First, God does not have a body; he is therefore not “in a place” or “far away.” “Where” is he then? Everywhere. Saint Paul teaches, “He is actually not far from each one of us, for ‘In him we live and move and have our being’” (Acts 17:27b-28a). I am because God is. Those things that are deepest in me—my life, my ability to will this or that, my very existence—are caused at all times and in all places by God’s innermost presence (cf. Thomas Aquinas, ST I, q. 8, a. 1). The hand holding a cup of coffee four feet from the ground is like God holding me in being. His “right hand holds me fast” (Ps 63:9 Grail), and he does not let go. “Where shall I go from your Spirit? Or where shall I flee from your presence? If I ascend to heaven, you are there! If I make my bed in Sheol, you are there!” (Ps 139:7-8). Wherever I am, there God is. Reason alone can even lead us to this awesome conclusion.
Beyond reason’s ambit, however, there lies a yet more profound truth about God’s nearness to the human soul. The Son reveals this truth: “If anyone loves me, he will keep my word, and my Father will love him, and we will come to him and make our home with him” (John 14:23). The Son reveals that God is a communion of Persons—Father, Son, and Holy Spirit—who dwell together in perfect unity (cf. John 10:30). The Son reveals that God has invited us to share in this communion. The Son reveals that our sharing in this communion is made possible by God dwelling in our souls. When the soul is in a state of grace, God is inwardly present not only as sustainer and mover, but as light and fire making us capable of divine knowledge and love (Thomas Aquinas, ST I, q. 43., a. 3). The Father sends his Son, “the light of men” (John 1:4), to illuminate our minds with the truth of God. The Father and the Son send the Holy Spirit to enflame our hearts with the love of God (Rom 5:5; cf. John 14:16). And where the Son and the Spirit are, there too is the Father. The body becomes a temple for the Triune God (1 Cor 6:19).

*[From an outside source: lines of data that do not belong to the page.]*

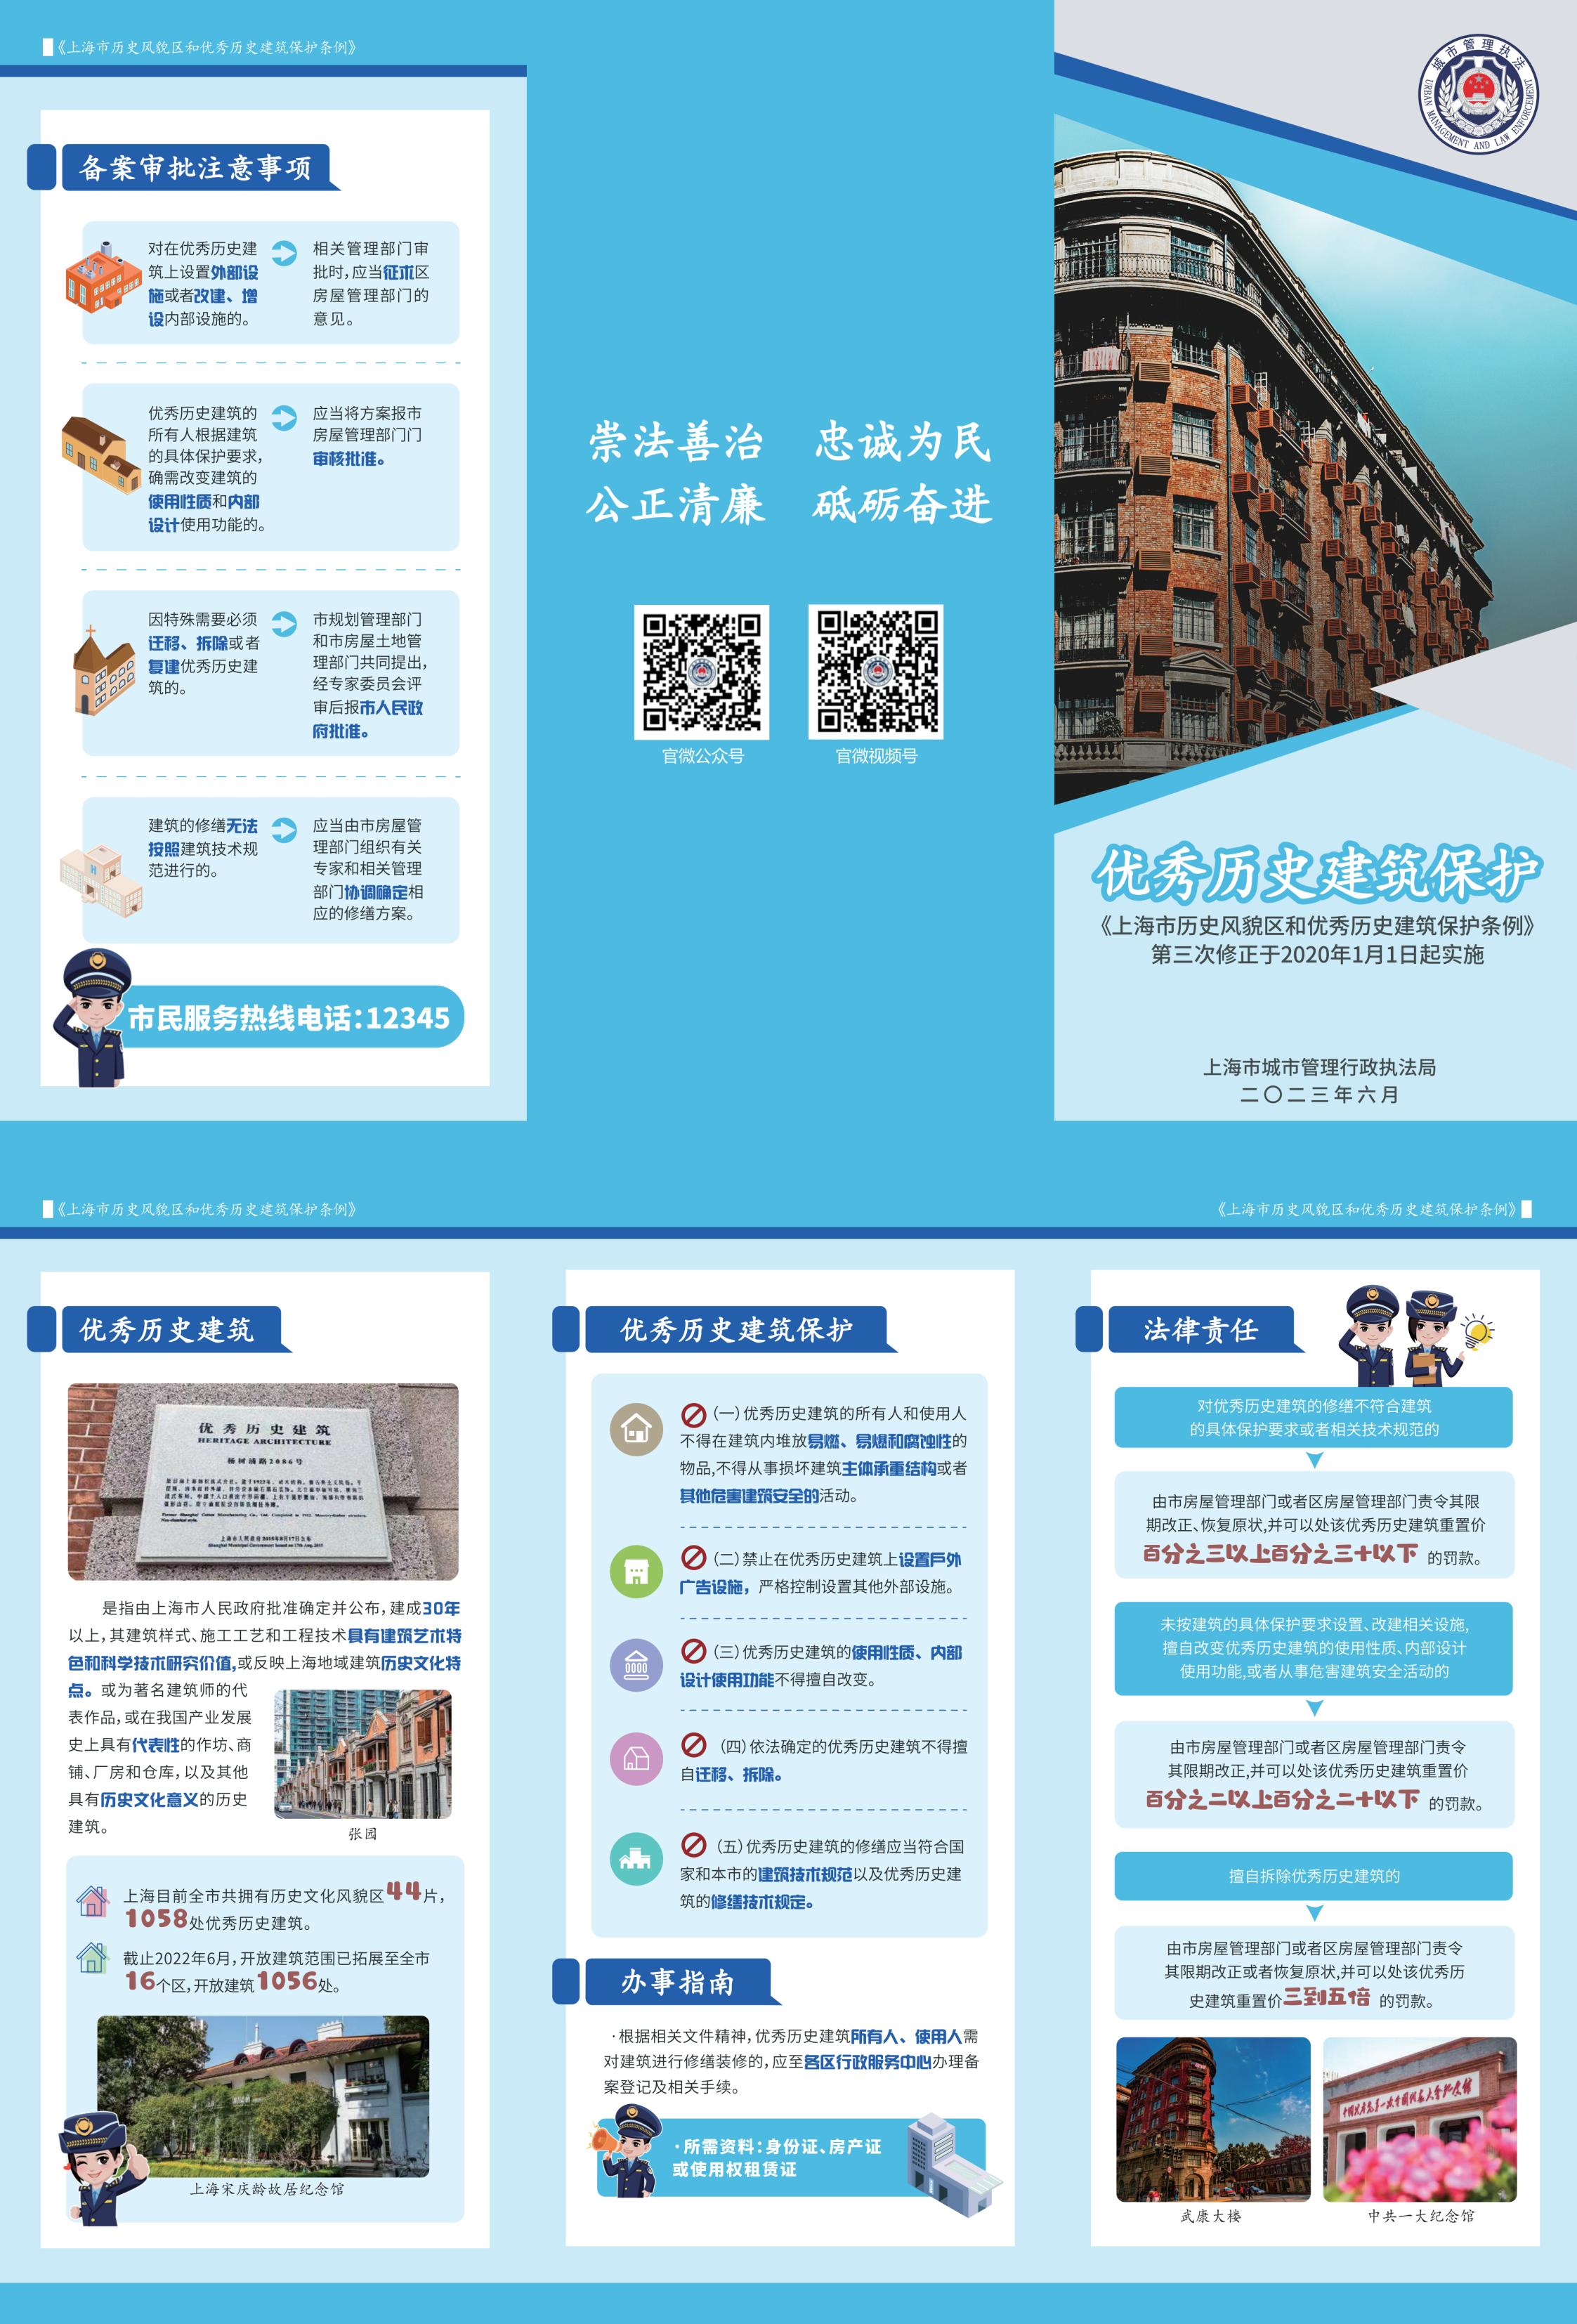 10上海市历史风貌区和优秀历史建筑保护条例_00.jpg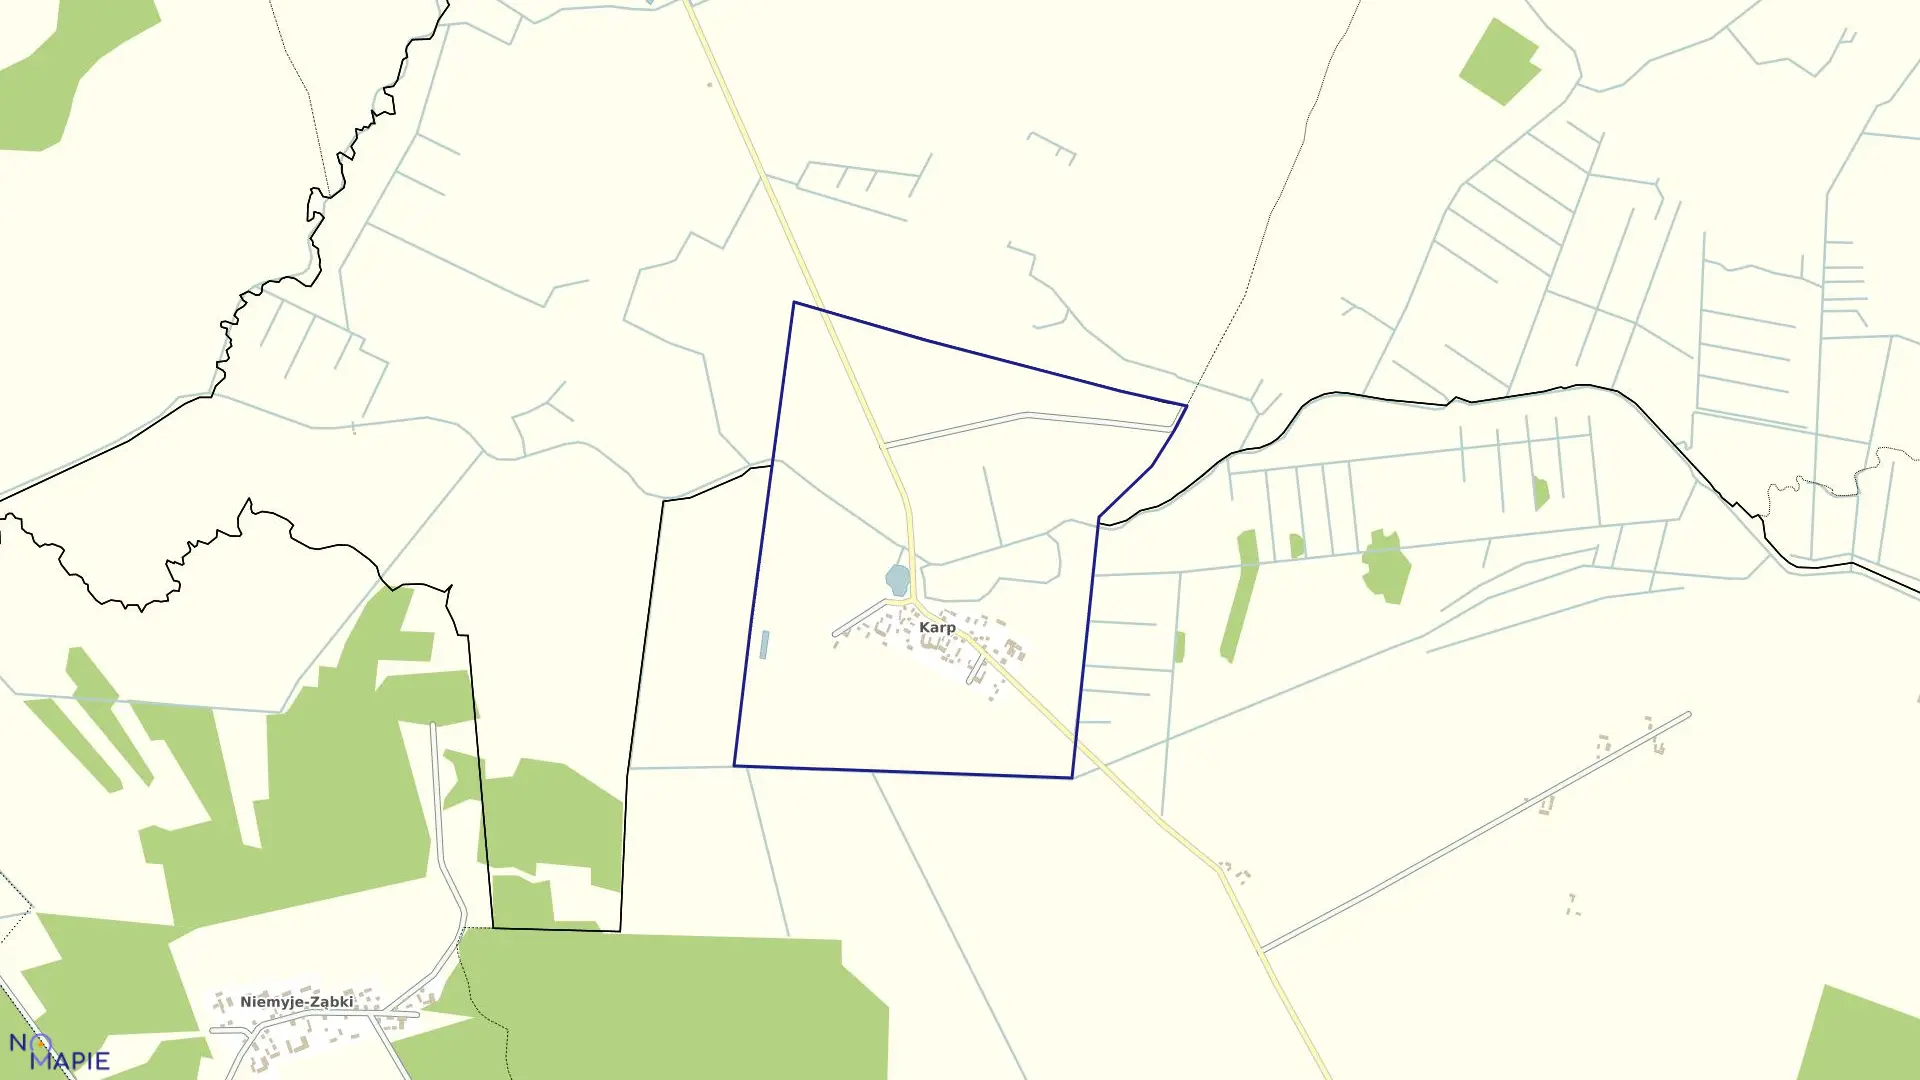 Mapa obrębu KARP w gminie Rudka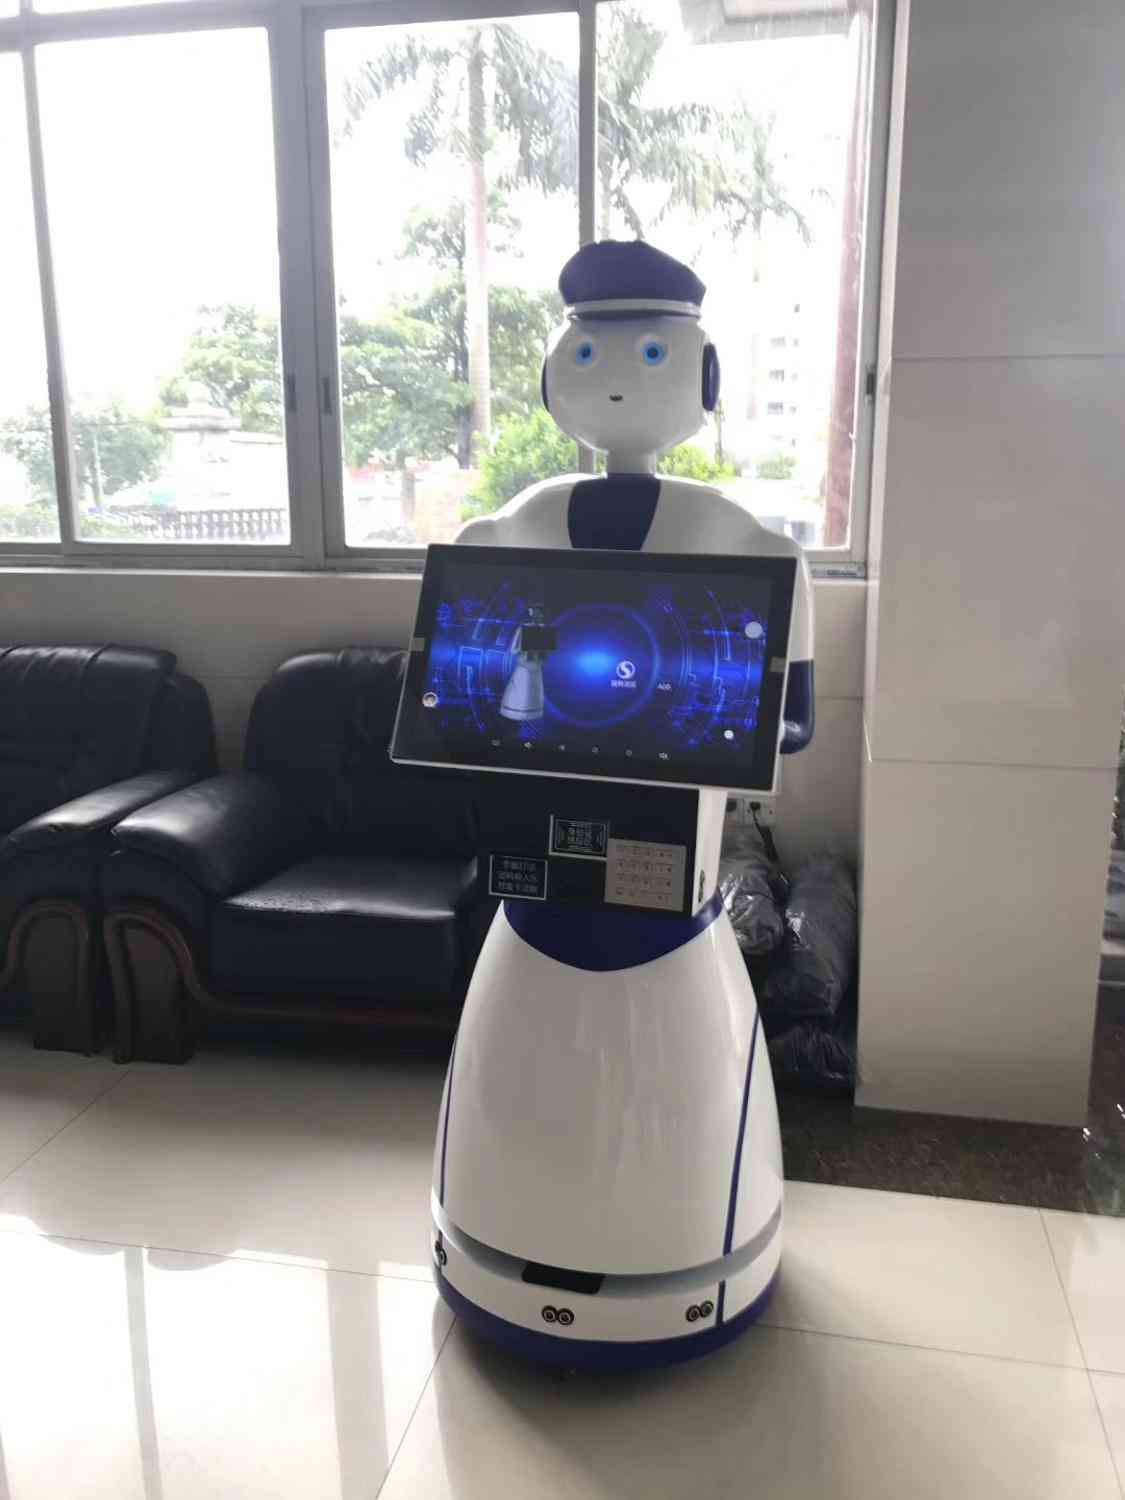 Security Guard Policemen Robot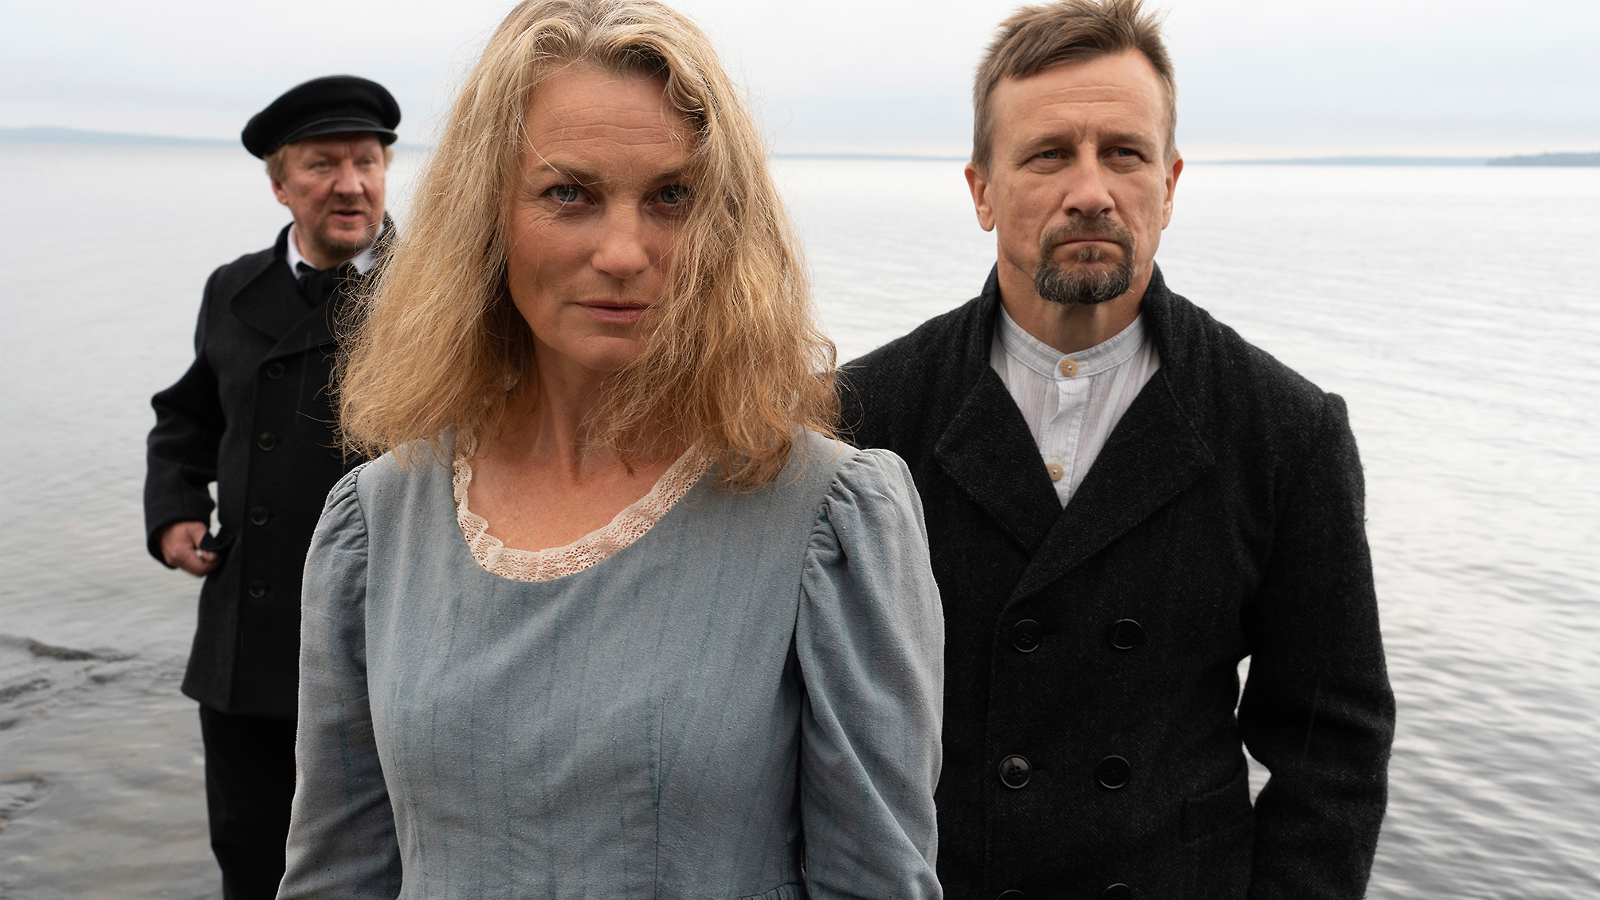 Kuvassa on etualalla harmaassa mekossa Jonna Järnefelt ja taustalla kaksi miestä mustissa takeissa.  He kaikki seisovat ulkona meren rannalla.

It is not altogether wrong for the mind to go outward in contemplating God. God is wholly other. An infinite gap separates the Creator and the creature. My existence (the entire world’s existence!) is not necessary. God, on the other hand, is his own existence and he necessarily is: “I am who I am” (Ex 3:14). But precisely because of God’s supreme transcendence, he is most inwardly in all that is. The Christian at prayer contemplates a truth yet more marvelous. Gazing inwardly not to consider himself but to consider God, he might pray,
O my God, Trinity whom I adore, help me to forget myself entirely that I may be established in you as still and as peaceful as if my soul were already in eternity.
May nothing trouble my peace or make me leave You, O my Unchanging One, but may each minute carry me further into the depths of Your Mystery.
Give peace to my soul; make it Your Heaven, Your beloved dwelling and Your resting place. May I never leave You there alone but be wholly present, my faith wholly vigilant, wholly adoring, and wholly surrendered to Your creative Action
(Saint Elizabeth of the Trinity, Prayer to the Holy Trinity).